Dans la manœuvre aéroterrestre, l’imprévisibilité donne l’ascendant dans les espaces physique et immatériel et le champ des perceptions, afin d’accroître la liberté d’action du chef tactique.

Ce facteur déterminant a fait l’objet d’un colloque organisé, le 4 février 2021 à Paris, par le Centre de doctrine et d’enseignement du commandement de l’armée de Terre. Y sont notamment intervenus : le député Jean-Michel Jacques, vice-président de la commission de la Défense nationale et des forces armées de l’Assemblée nationale ; le général Thierry Burkhard, chef d’état-major de l’armée de Terre ; le général Patrick Justel, commandant en second du renseignement des forces terrestres ; l’historien Jean-Vincent Holeindre, directeur scientifique de l’Institut de recherche stratégique de l’Ecole militaire ; Elie Tenenbaum, chercheur à l’Institut français des relations internationales ; le professeur Olivier Sibony, enseignant au département stratégie d’HEC.

Dimension géopolitique. Selon Jean-Michel Jacques, le contexte géopolitique demeure imprévisible sur les plans politique, diplomatique et militaire avec le retour sur la scène internationale de la Chine, de la Russie, et de la Turquie. La guerre devient hybride avec des actions directes et indirectes ou des cyberattaques indétectables. Les conflits se manifestent dans les champs national et international, au loin ou au plus près. La surprise provoque un choc émotionnel, suivi d’une faute dans la prise de décision. La capacité de défense repose sur le renseignement, l’innovation technologique et le facteur humain. Les enjeux portent sur la maîtrise de l’information et le soutien à la recherche fondamentale. L’imprévisibilité implique de s’affranchir de règles, des normes établies et du principe de précaution.

Guerre asymétrique. La surprise stratégique, qui fait partie de l’imprévisibilité, est consubstantielle à la notion de guerre, estime Elie Tenenbaum.

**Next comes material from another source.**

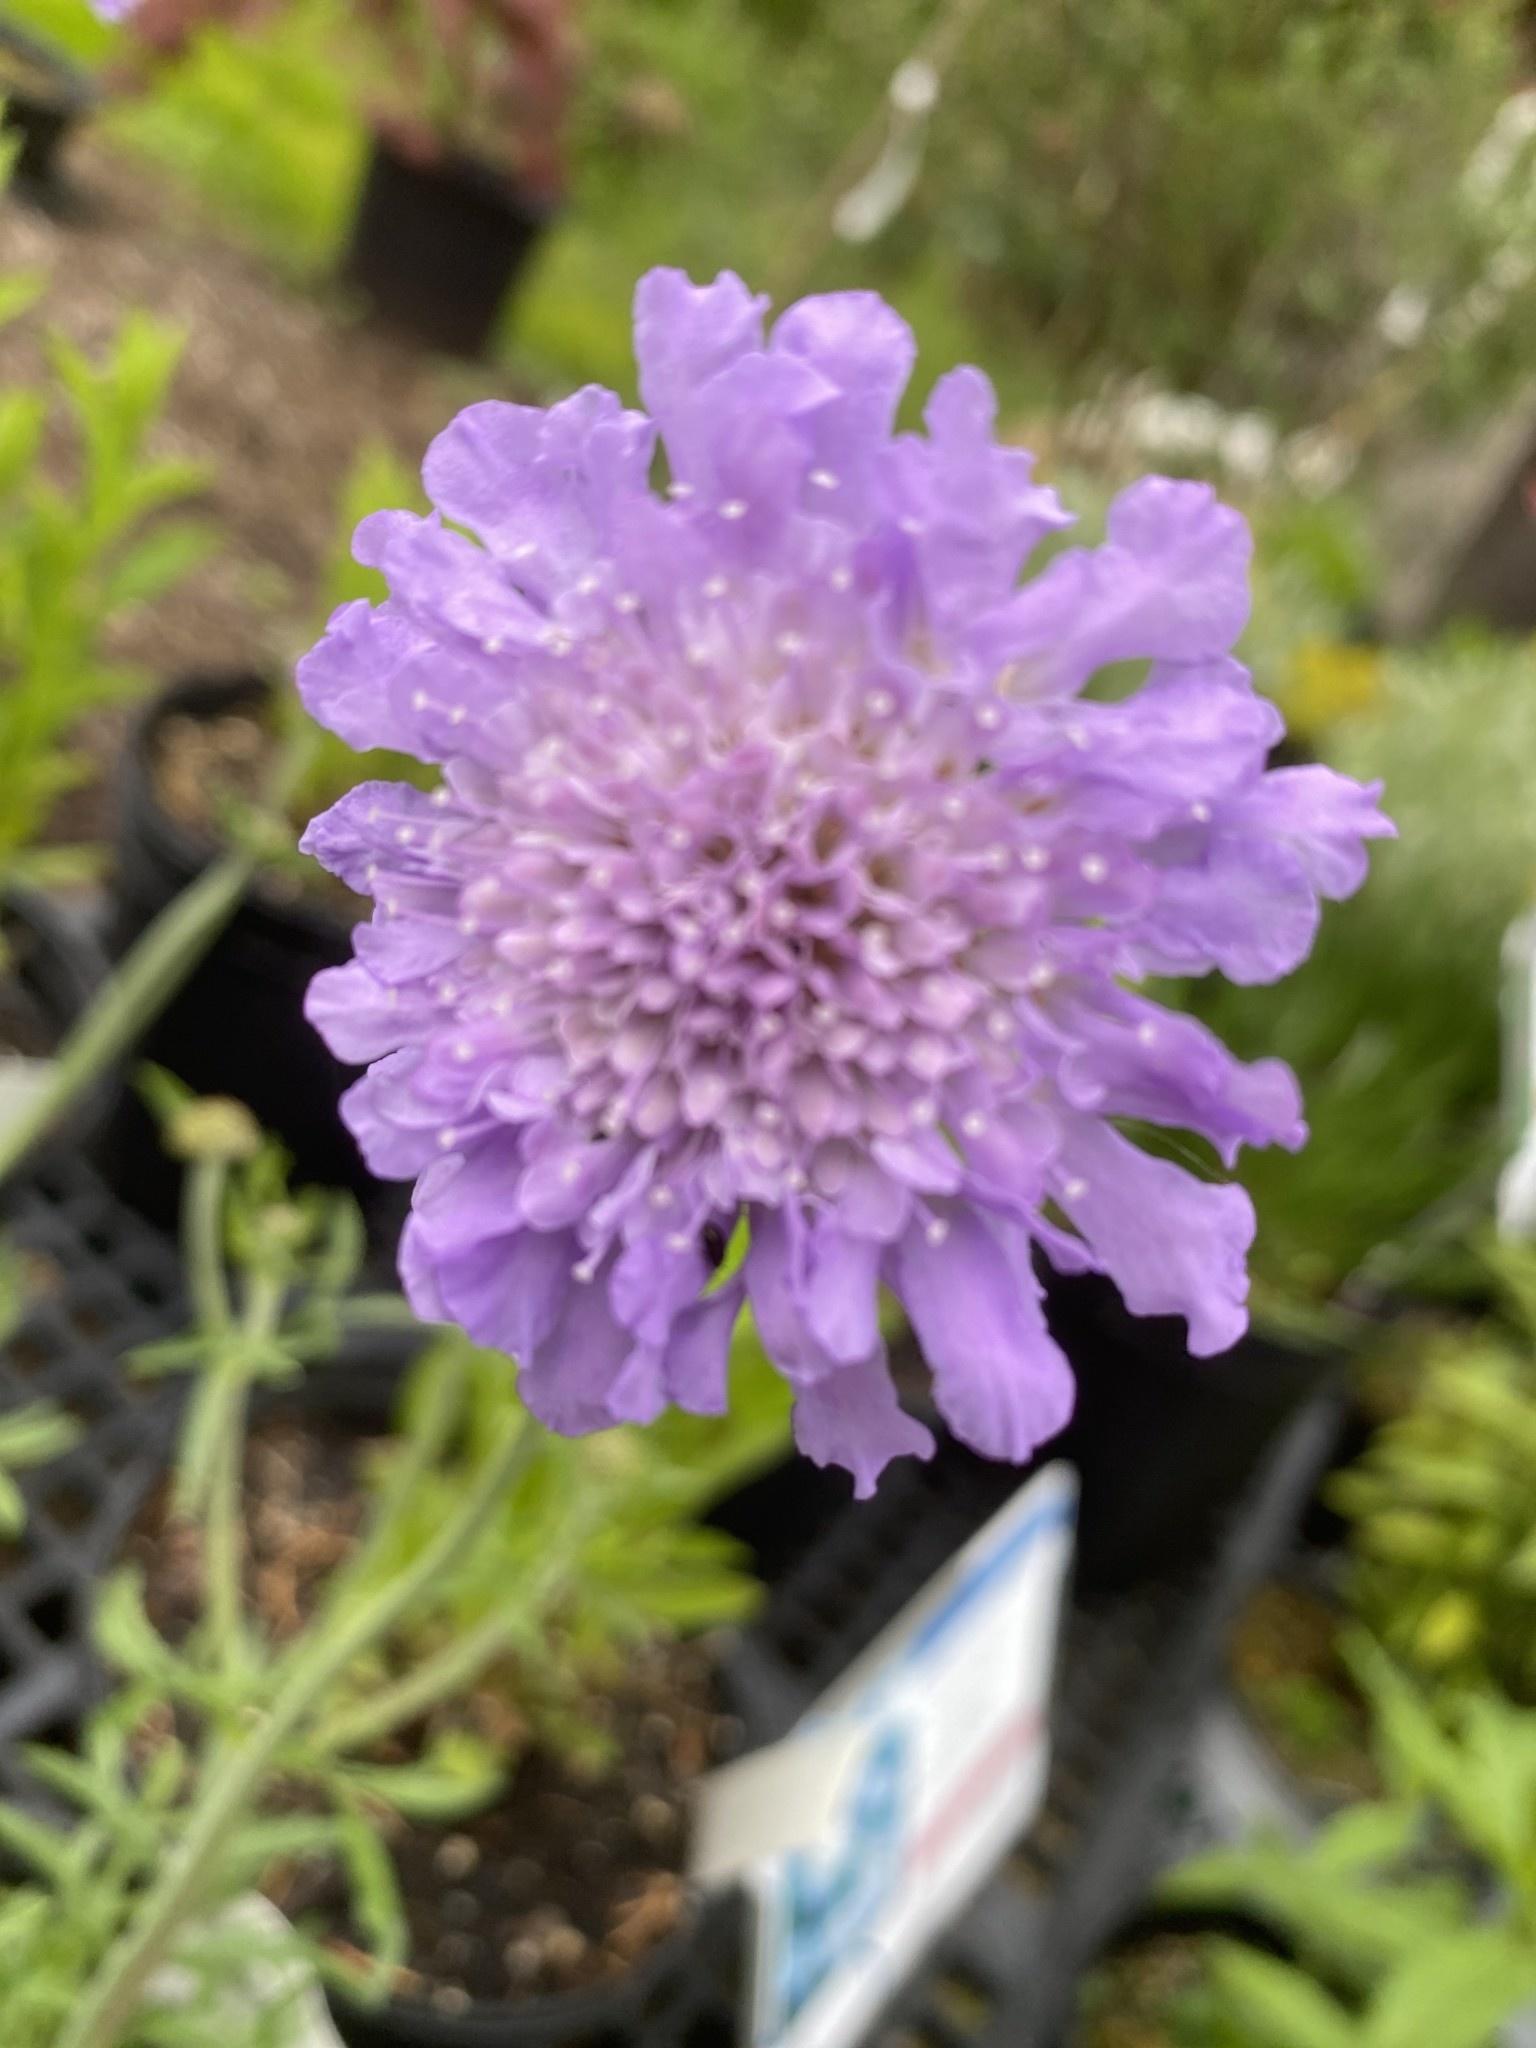 Scabiosa Butterfly Blue Pincushion Flower, Butterfly Blue, #1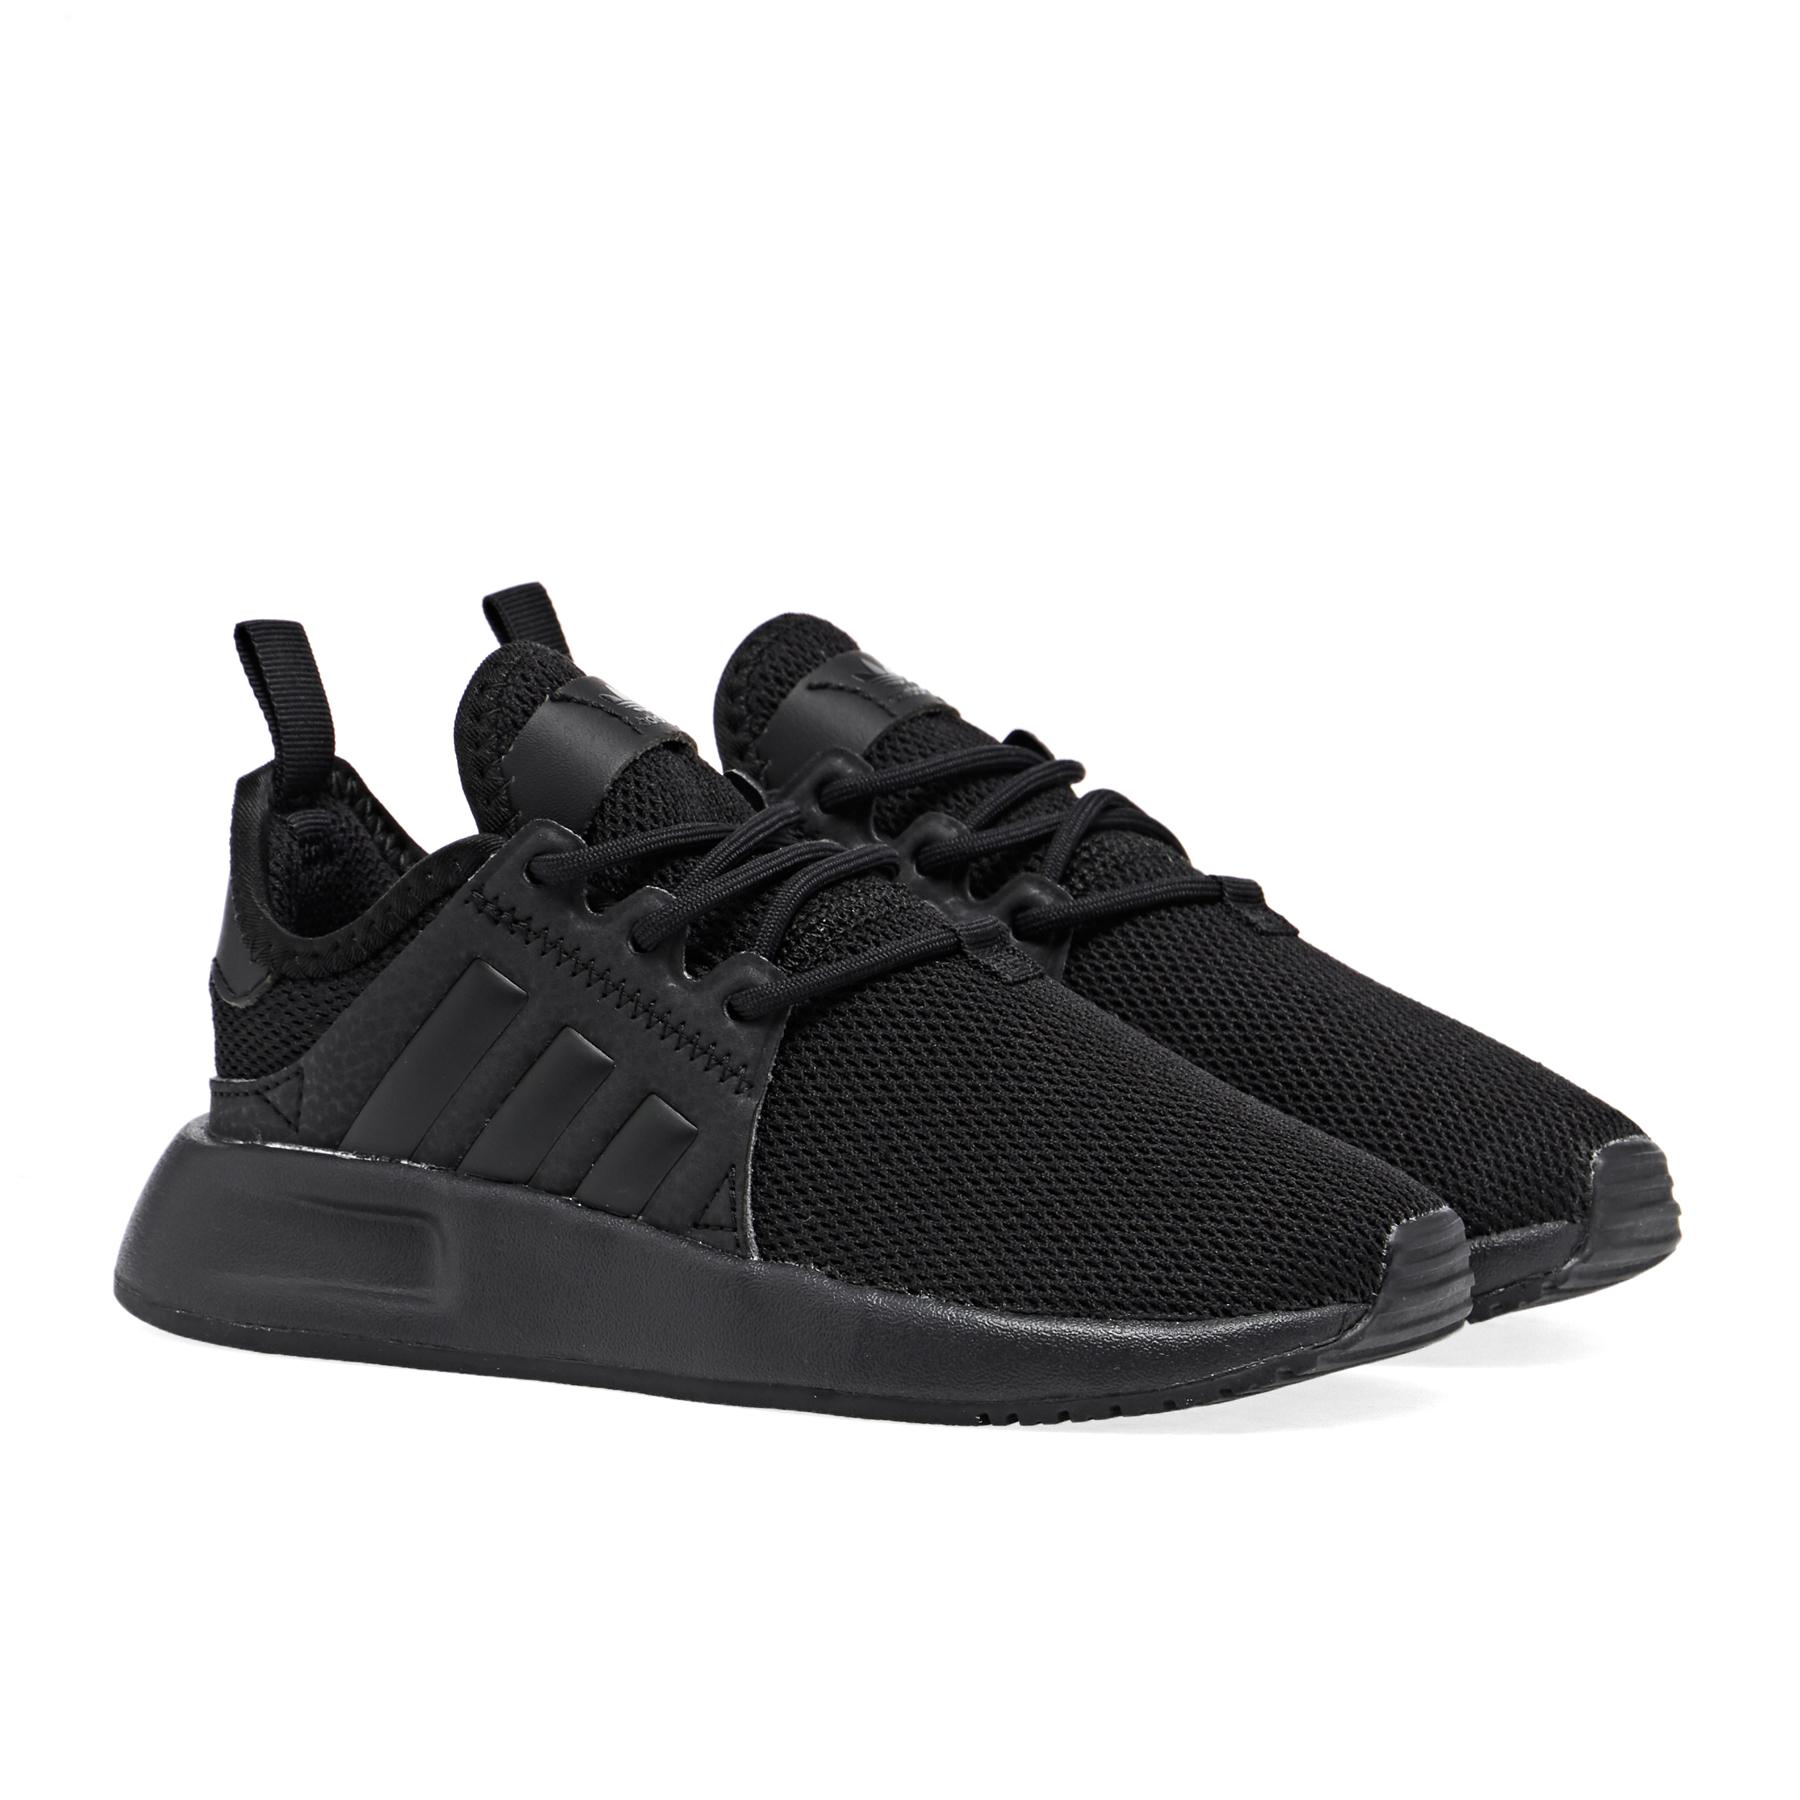 Chaussures Enfant Adidas Originals X_PLR C | Livraison

Lors des attentats du 11 septembre 2001 aux Etats-Unis, l’organisation terroriste Al Quaïda a utilisé des avions de ligne comme missiles. La guerre irrégulière emploie populations civiles, téléphones portables, engins explosifs improvisés, et petits avions télécommandés transformés en drones. L’armée française en a tiré les leçons au Sahel. Conséquence de la guerre du Golfe (1990-1991), la « guerre hors limites », évoquée par deux colonels chinois dans un livre publié en 1999, inclut la finance, le terrorisme et la lutte idéologique. La stratégie, qui s’est émancipée du champ militaire sans pour autant s’en dispenser à cause des enjeux physiques, pourrait connaître des combinaisons considérables d’ici à 2035.

Force et ruse. Véritable opération spéciale, le cheval de Troie a combiné la ruse et la force guerrière, rappelle Jean-Vincent Holeindre. La guerre irrégulière exclut la norme éthique, liée à la fonction du soldat dans les régimes démocratiques. La Russie et la Chine ont la culture de la ruse, alors que la logique de l’honneur et du courage prévaut dans les pays occidentaux. En matière de défense, la ruse n’y est utilisée que dans les situations extrêmes, car elle suscite la défiance dans un monde de plus en plus transparent. Condition de sa crédibilité, la dissuasion nucléaire de la France repose sur sa prévisibilité pour éviter la guerre nucléaire, tout en conservant une part d’imprévisibilité, à savoir le refus de définir ses intérêts vitaux. La ruse s’impose au niveau tactique comme, par exemple, la « surinformation » par multiplication des signaux pour embrouiller l’état-major de l’adversaire. La recherche stratégique se fonde sur la ruse, complémentaire de la force.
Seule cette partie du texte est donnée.